**Recorded data**
▬▬▬

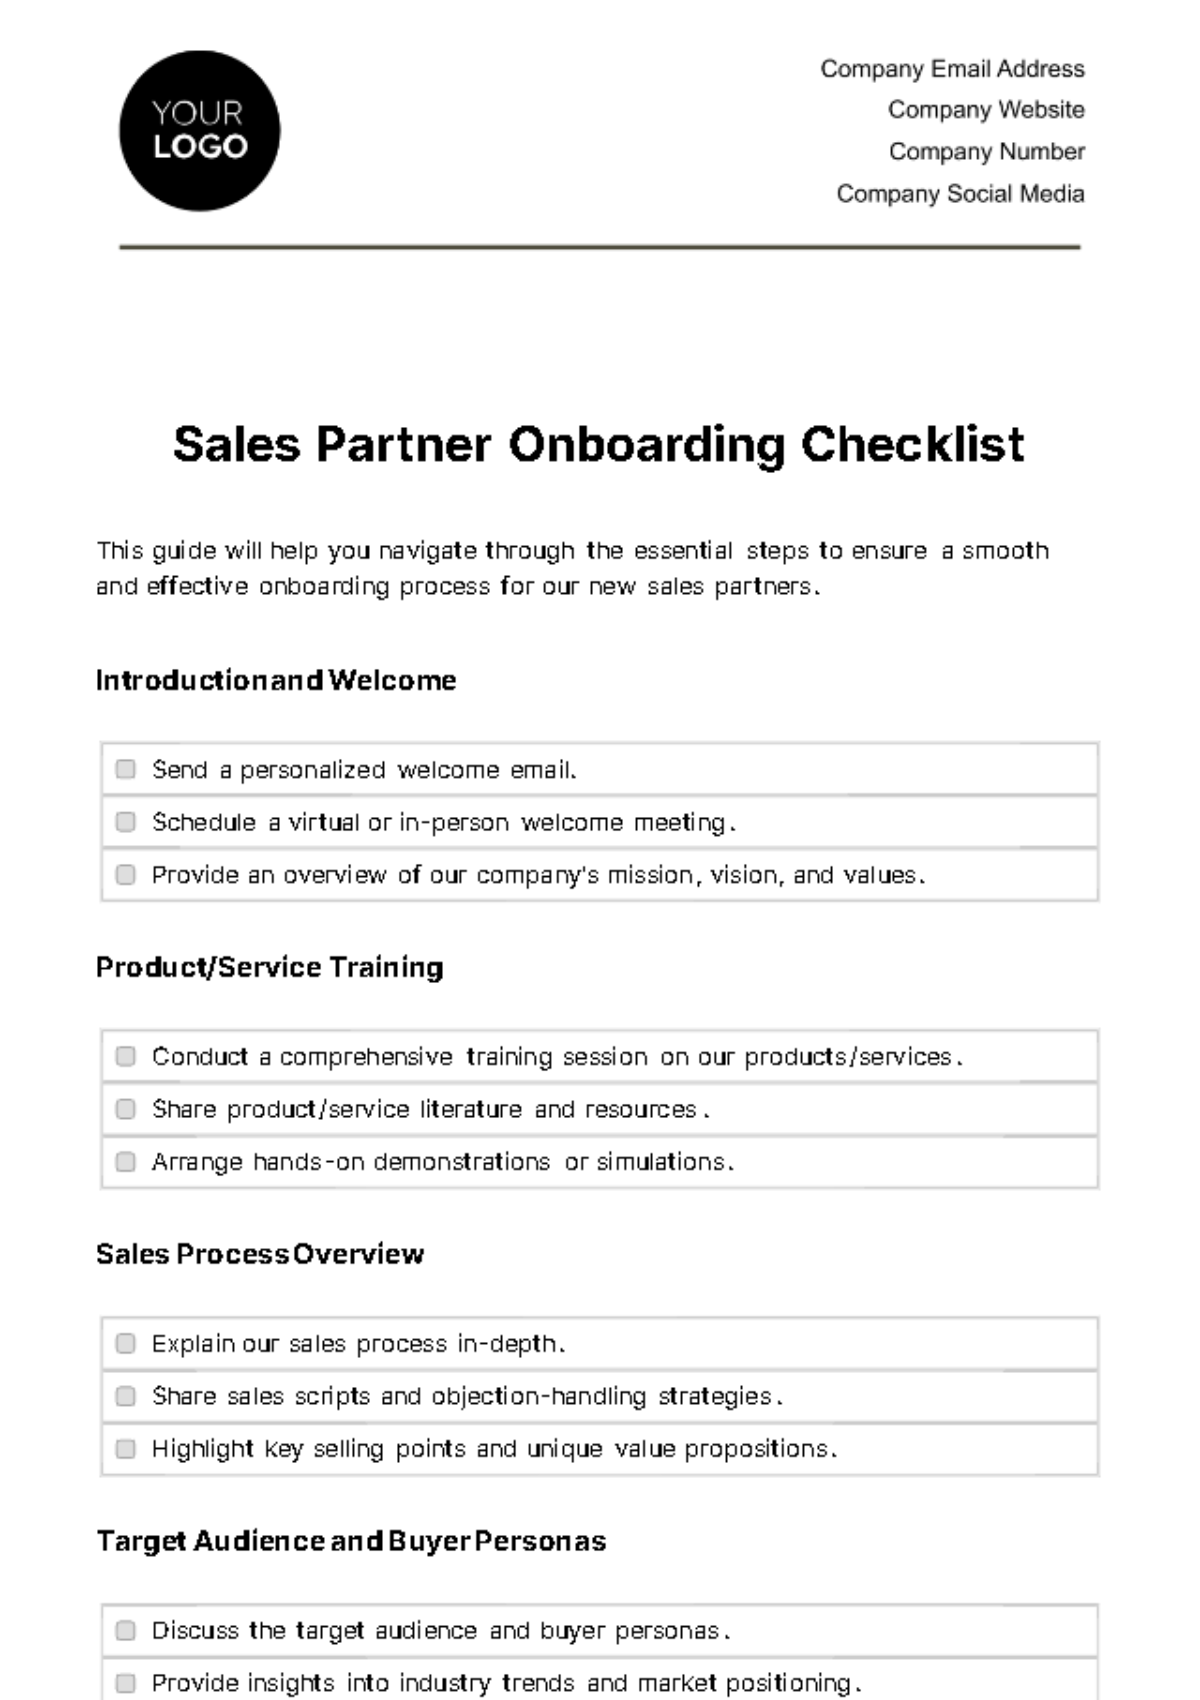 Free Sales Partner Onboarding Checklist Template
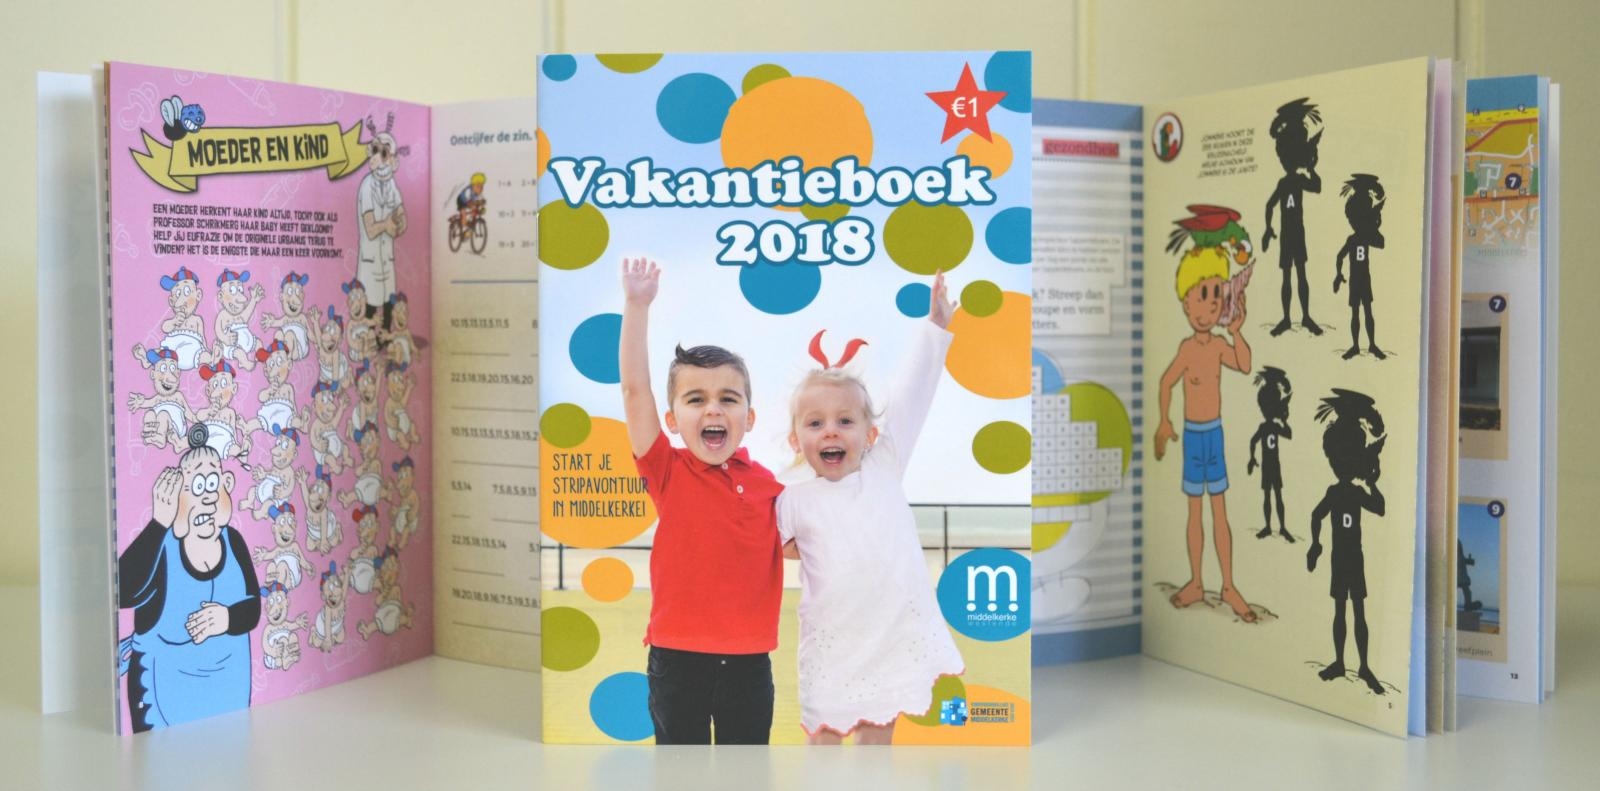 Vakantieboekje 2018, middelkerke.
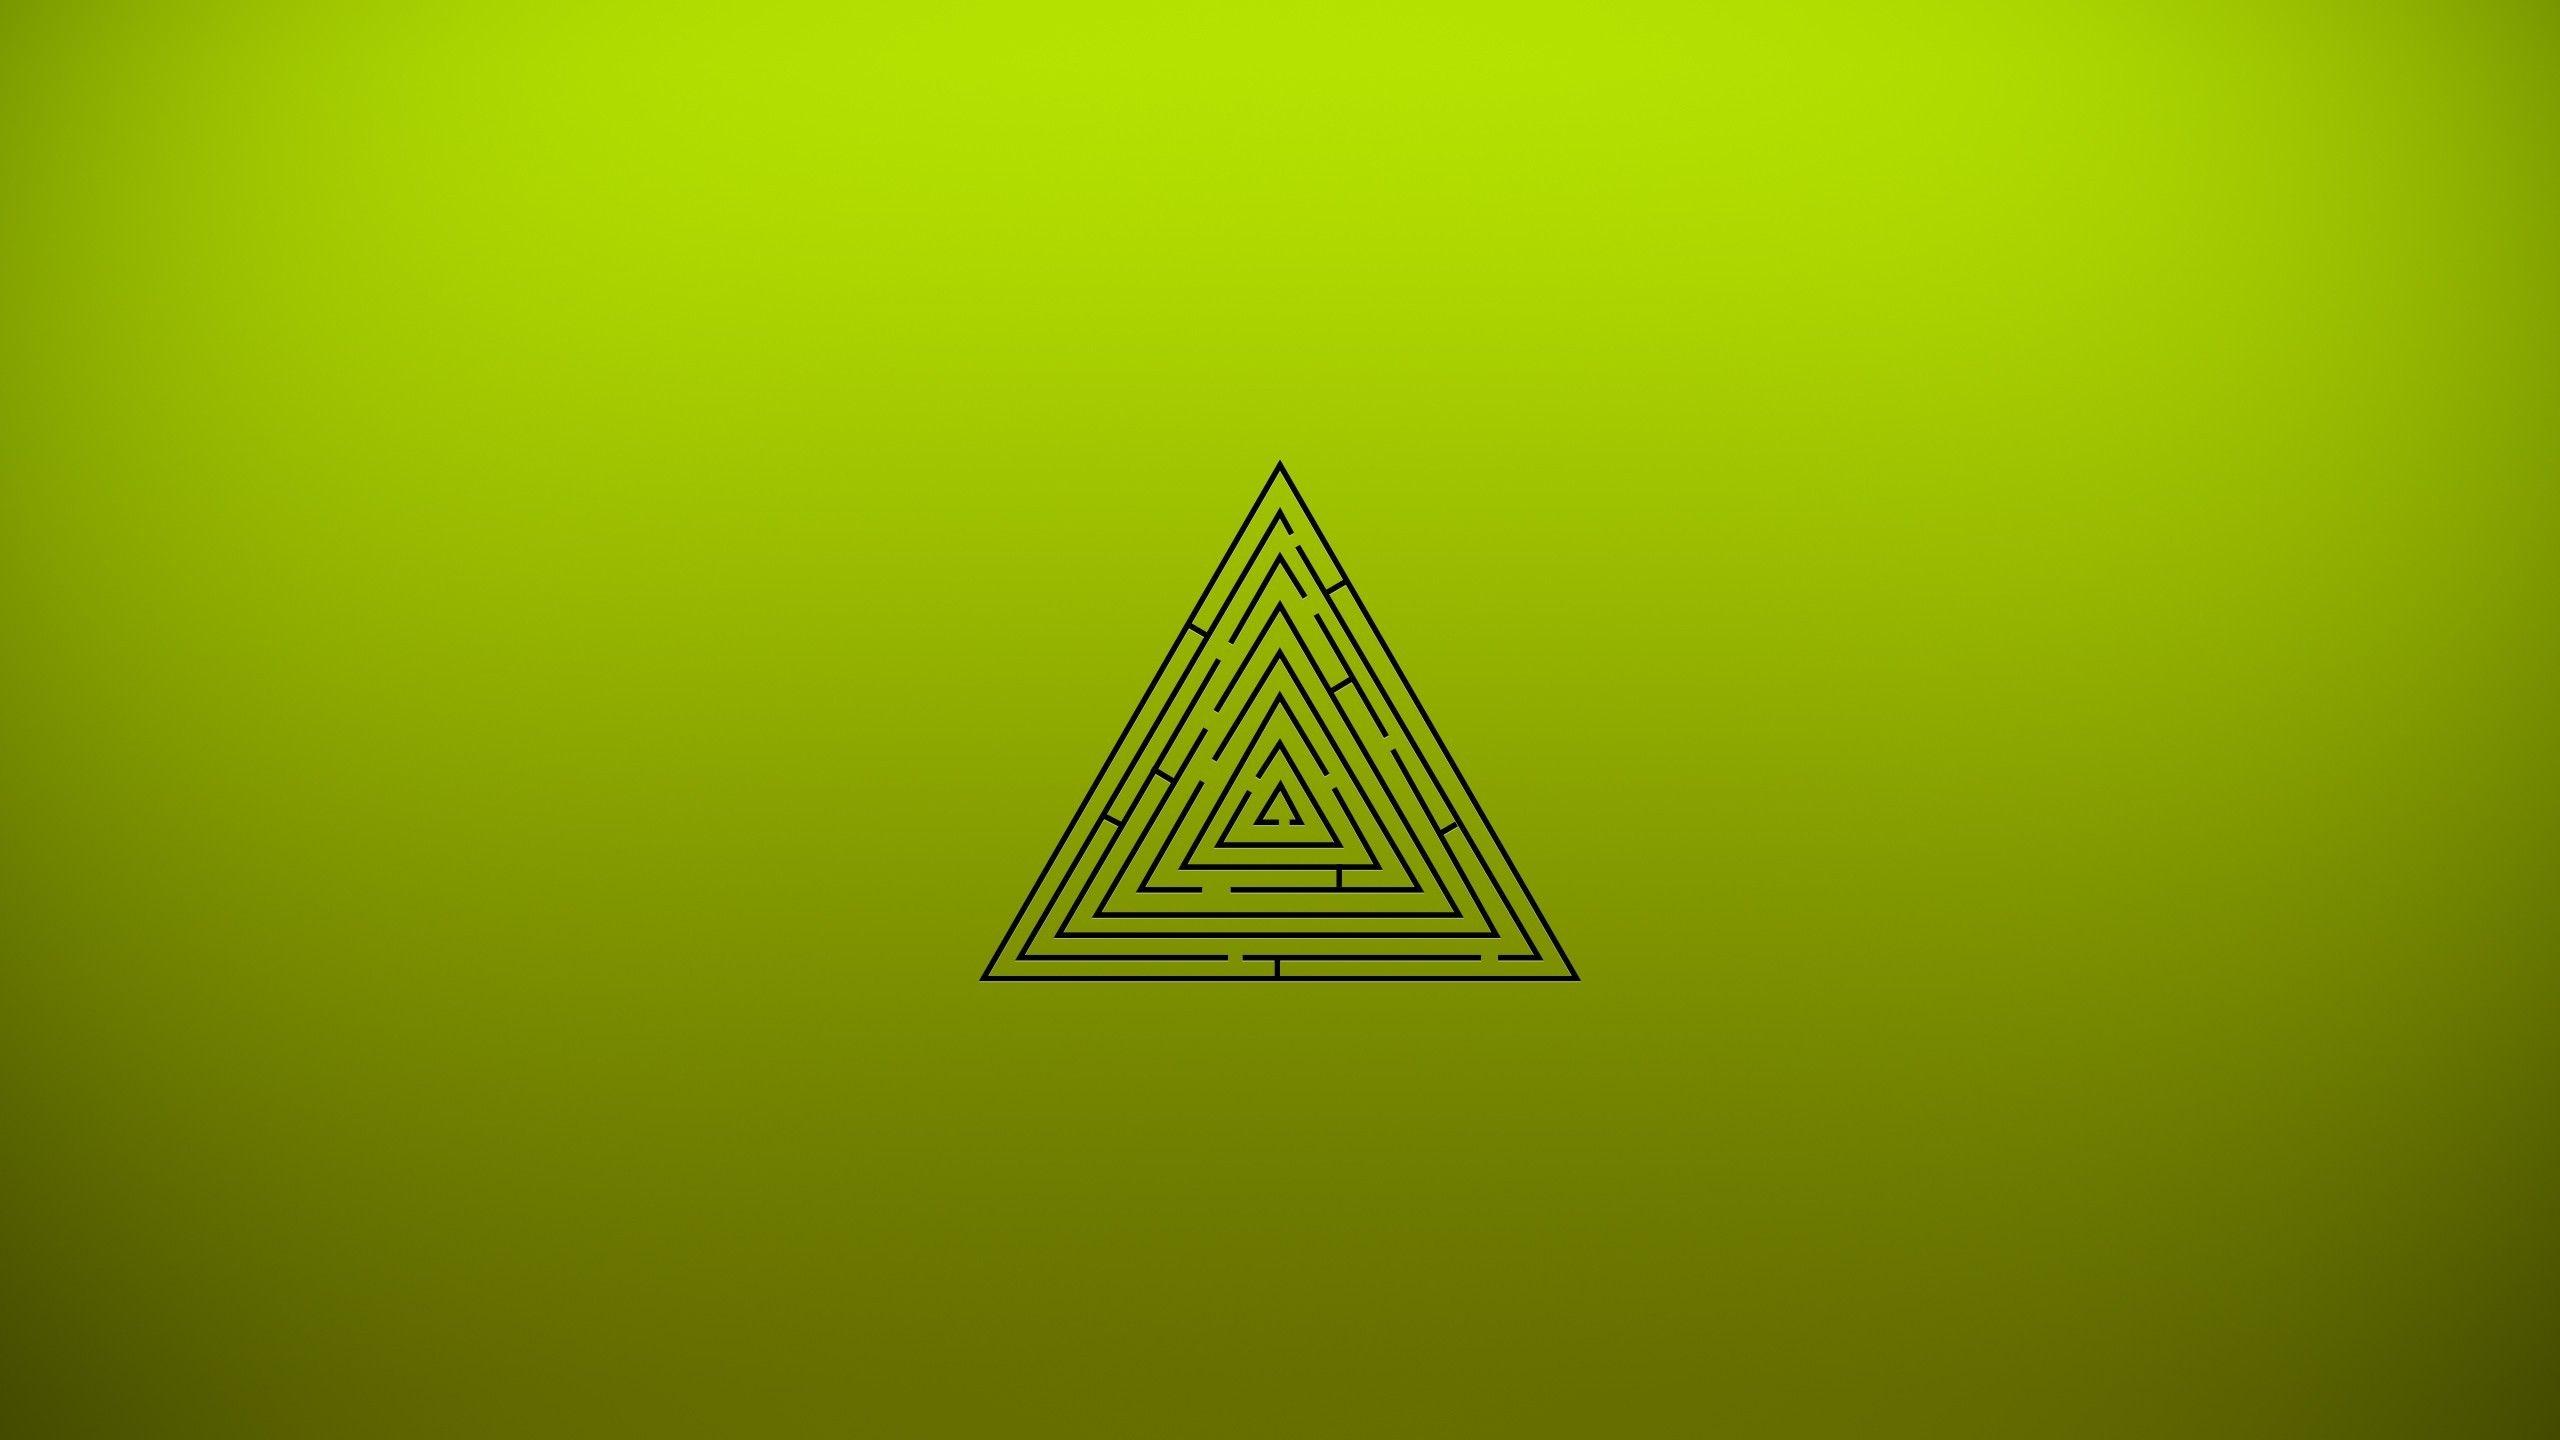 Yellow Triangle with Green Circle Logo - Wallpaper : illustration, text, logo, green, yellow, triangle

▬▬▬

A faithful copy is needed: reproduce all of the data above, leaving the pictures out.

 Free Sales Partner Onboarding Checklist Template
 Vakantieboekje 2018, middelkerke.
 Yellow Triangle with Green Circle Logo - Wallpaper : illustration, text, logo, green, yellow, triangle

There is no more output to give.